Probably NetCDF (DiskArrays.jl) chunk loading of that vector. Likely fixed on DiskArrays.jl main already.

But either way, using At like that is not great. Why not use .. for this and get a range back? A vector throws away the structural infirmation, and At will do hundreds of lookups where .. does 2.

(DiskArrays.jl on main is just smart enough to put the range back together!!!)

felixcremer commented 7 months ago

I am wondering what is the comparison if you use Between for the ranges instead of At. Could we run into multiple scalar indexing?
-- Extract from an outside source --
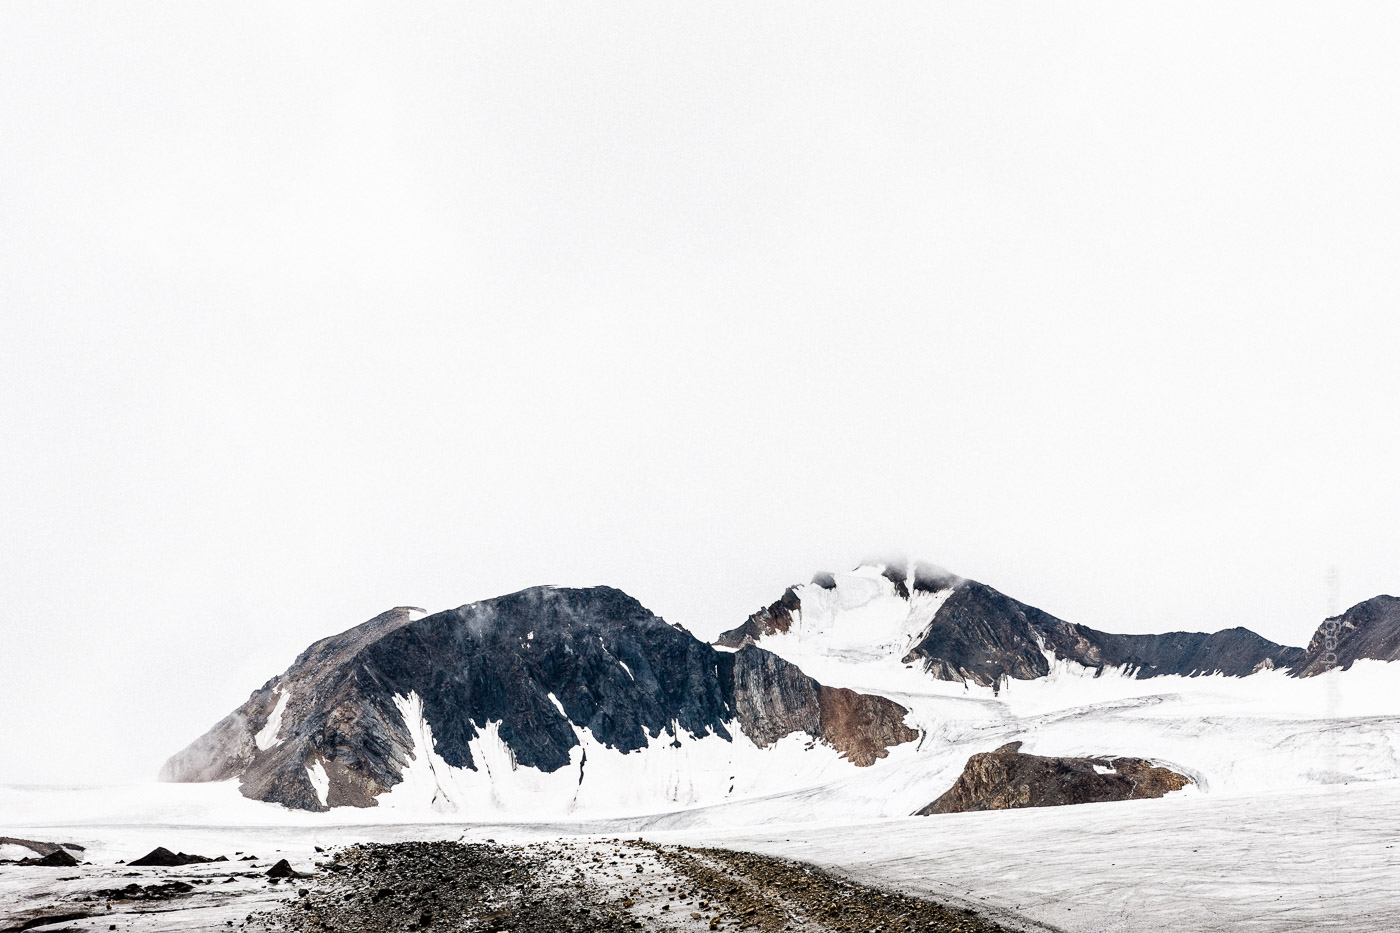 01_land_of_ice_alexanderlembke_de

rafaqz commented 7 months ago

Between is deprecated for ..

bjarthur commented 7 months ago

tried to debug with the master branch of all related packages and there are unsatisfiable requirements in the versions:

(TXYZTranscriptomeGUI) pkg> activate --temp
  Activating new project at `/var/folders/s5/8d629n5d7nsf37f60_91wzr40000gq/T/jl_hzHUzN`

(jl_hzHUzN) pkg> dev YAXArrays YAXArrayBase DimensionalData Zarr NetCDF DiskArrays
     Cloning git-repo `https://github.com/JuliaDataCubes/YAXArrayBase.jl.git`
     Cloning git-repo `https://github.com/JuliaGeo/NetCDF.jl.git`
   Resolving package versions...
ERROR: Unsatisfiable requirements detected for package DiskArrays [3c3547ce]:
 DiskArrays [3c3547ce] log:
 ├─possible versions are: 0.4.0 or uninstalled
 ├─restricted to versions 0.3 by NetCDF [30363a11] — no versions left
 │ └─NetCDF [30363a11] log:
 │   ├─possible versions are: 0.11.7 or uninstalled
 │   └─NetCDF [30363a11] is fixed to version 0.11.7
 └─DiskArrays [3c3547ce] is fixed to version 0.4.0
rafaqz commented 7 months ago

You may need to edit the Project.toml of NetCDF.jl to live on the edge like that...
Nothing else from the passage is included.